Рис. 35. Предметы курильского обихода с острова Шикотан, собранные японским этнографом R. Torii в 1899 г. (из Torii, 1919).Рис. 35. Предметы курильского обихода с острова Шикотан, собранные японским этнографом R. Torii в 1899 г. (из Torii, 1919).

1. Нож в ножнах. Ножны с орнаментом. Такой нож носили и мужчины и женщины всегда за поясом. 2. Деревянная пряжка от пояса. 3. Корзина из стеблей злака Elymus mollis. 4. Костяной футляр, укршенный клювами «этупирика». Согласно Torii, от курильских слов — клюв и pirika — красивый. Но, может быть, с русского «топорок», (топорок, Fratercula cirrata, птица из семейства чистиковых). Иголки втыкаются в длинный и узкий ремень, проходящий через футляр. Подобные же курильские футляры известны из неолита острова Шумшу.
Иван (Игнатий) Козыревский

[159] Несколько слов о Козыревском. Это был авантюрист, какими особенно был богат XVIII век. Дед его, поляк, взятый в плен во время войны с Польшей, был сослан на Камчатку. В 1711 году Иван Козыревский принимал деятельное участие в убийстве казачьего головы Владимира Атласова и двух приказчиков[31]. В искупление своей вины он был отправляем на Курильские острова. После этого, в 1716 или в 1717 году, в результате каких-то тёмных дел, Козыревский был вынужден постричься в монахи под именем Игнатия. Но и затем неугомонная личность камчатского авантюриста не исчезает со страниц истории: в 1720 году мы его застаём в Большерецке на Камчатке. Здесь Игнатий, будучи на постоялом государевом дворе, повздорил с одним служилым человеком, укорявшим его, что от него де и прежние приказчики на Камчатке убиты. На это монах Игнатий говорил такие возмутительные и похвальные (то есть наглые) речи: «Которые де люди и цареубойцы, и те де живут приставлены у государевых дел, а не велие дело, что на Камчатке прикащиков убивать». Отправляя за эти слова Игнатия за караулом в Якутск, заказчик камчатского наряду (так назывались управители, назначавшиеся по острогам приказчиками) Максим Лукашевской, в своей отписке якутскому ландрату Ивану Ракитину, прибавлял: «А от него монаха Игнатия на Камчатке в народе великое возмущение. Да и преж сего в убойстве прежних прикащиков Володимера Атласова, Петра Чирикова, Осипа Липина он монах Игнатий был первый, да и в отказе Алексея Петриловского и Василия Качанова от приказов возмутителем был он же монах Игнатий Козыревской»[32].

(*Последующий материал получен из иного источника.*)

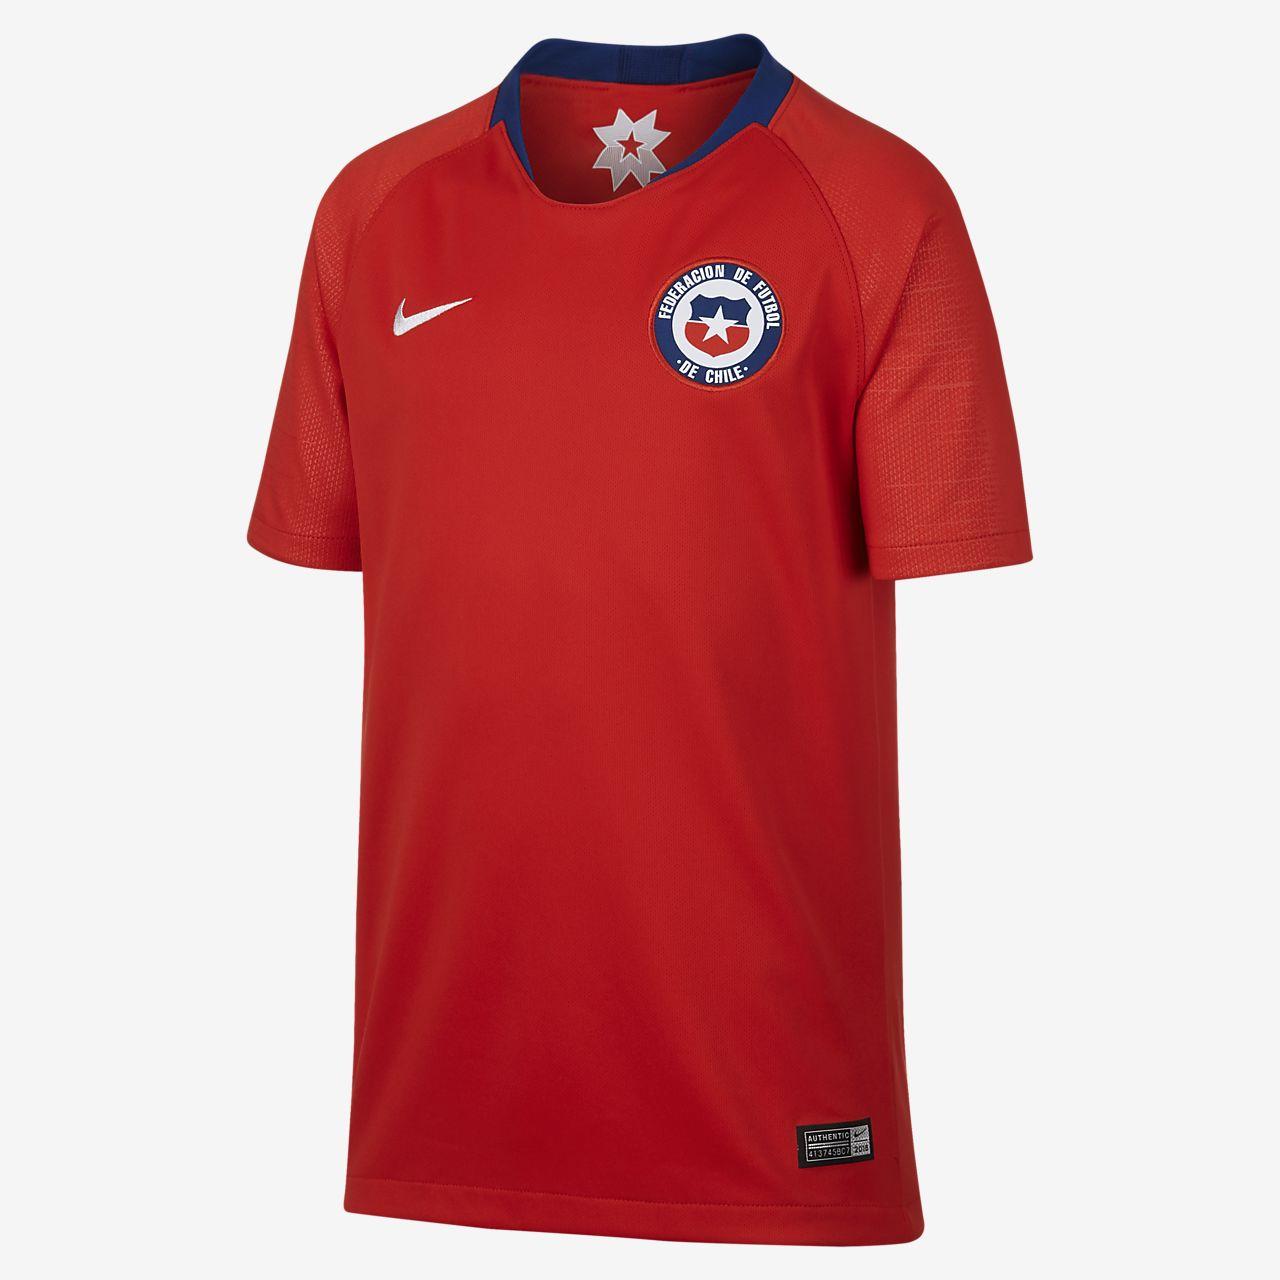 2018 Chile Stadium Home Fußballtrikot für ältere Kinder
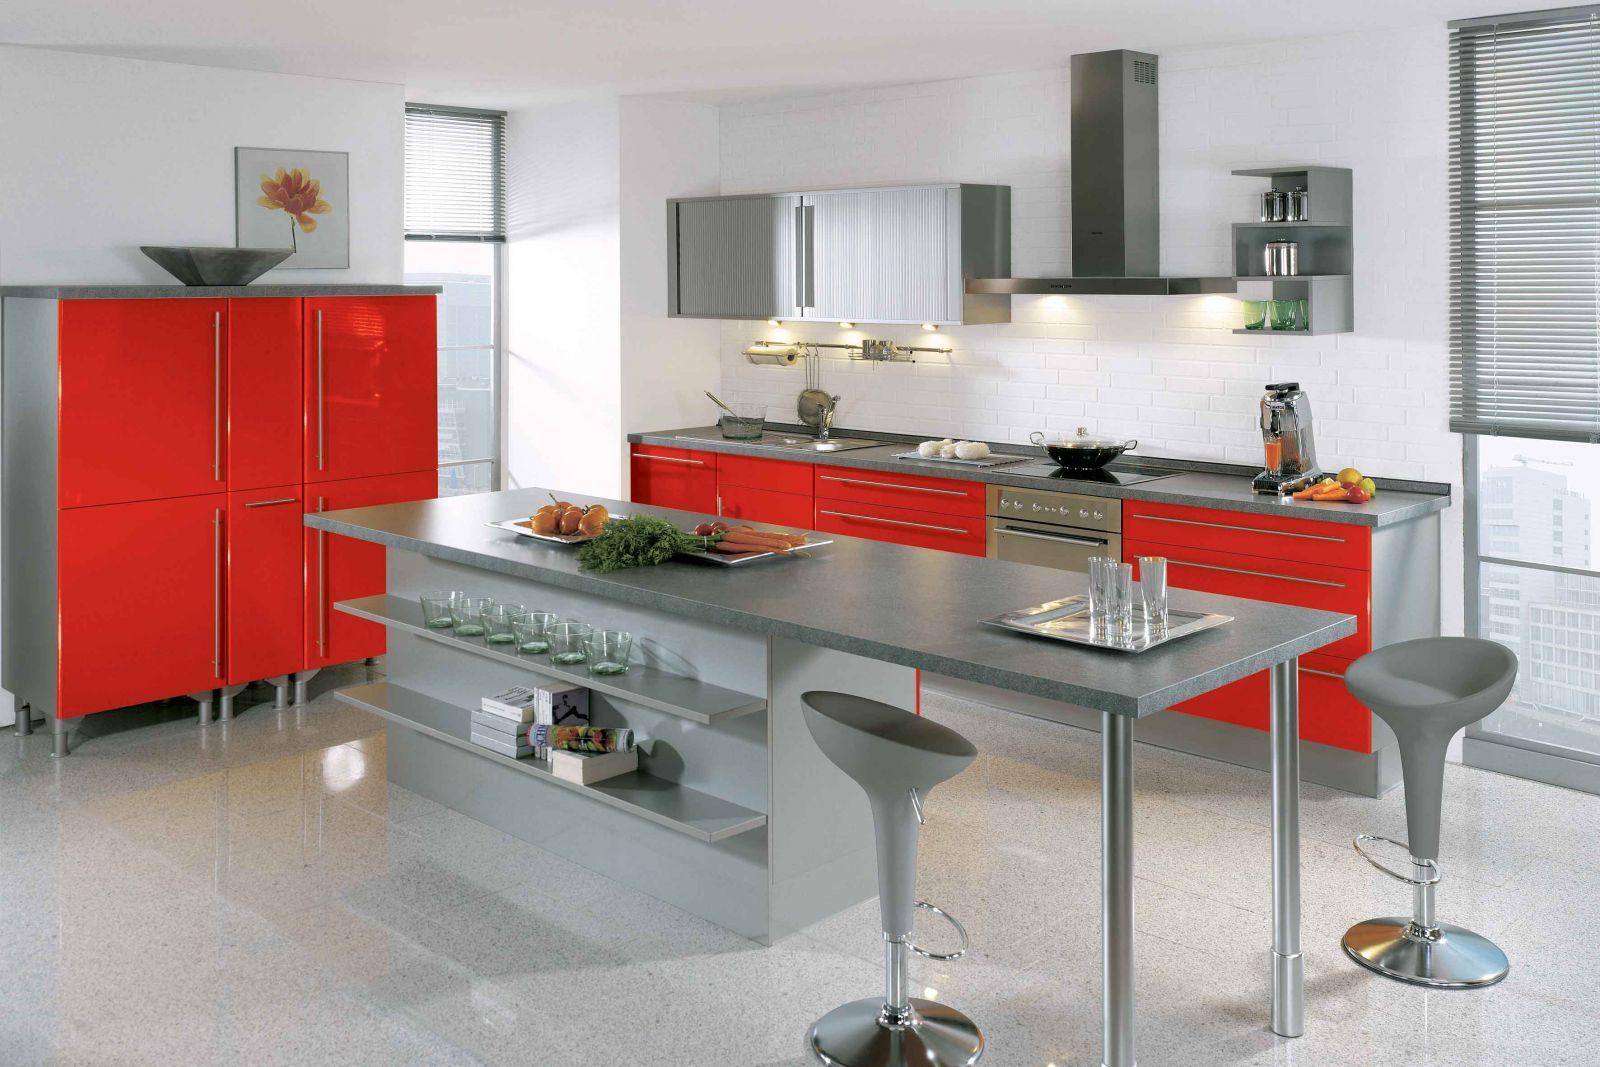 pin by hdinterior on kitchen european kitchen cabinets two tone kitchen cabinets kitchen on kitchen ideas european id=78617

Алексей Петриловский, о котором здесь говорится, был приказчиком в камчатских острогах. Он прославился невероятными грабежами[33]. Между прочим, он «вымучил» у Козыревского ценные пожитки, которые тот собрал для себя на Курильских островах[34].

[160] В Якутске Козыревскому удалось выпутаться из беды, и он одно время даже замещал архимандрита Феофана в Якутском монастыре. Но в 1724 году вследствие ревизии сибирских дел, вызванной преступлениями Гагарина, всплыло опять дело о камчатском восстании 1711 года. Козыревский был посажен под стражу, но бежал и подал Якутской воеводской канцелярии челобитную, что он знает пути до Японского государства, и просил отправить его по этому делу в Москву. В 1726 году, в бытность Беринга в Якутске, к нему явился монах Игнатий с чертежами и развивал ему свои планы насчёт Японии, но Беринг нашёл их несоответственными и даже отказал Козыревскому в его просьбе быть принятым в экспедицию[35]. Затем предприимчивому монаху удалось в следующем году устроиться в партию казачьего головы Афанасия Шестакова, отправлявшегося на северо-восток Азии «для изыскания новых земель и призыву в подданство немирных иноземцев». Козыревскому было поручено плыть вниз по Лене и выйти в море для открытия земель против устья этой реки. В Якутске Игнатий построил на свой счёт судно «Эверс» и на нём в августе 1728 года отправился вниз по Лене. По словам Полонского, неизвестно на чём основанным, Шестаков сулил Козыревскому, что он впоследствии построит для него надёжное судно для проведывания Большой земли, то есть Америки, и морского пути в Камчатку. Козыревский дошёл на Эверсе до Сиктаха на Лене и здесь зазимовал. В январе 1729 года Игнатий вернулся в Якутск, а весной судно его изломало льдом[36].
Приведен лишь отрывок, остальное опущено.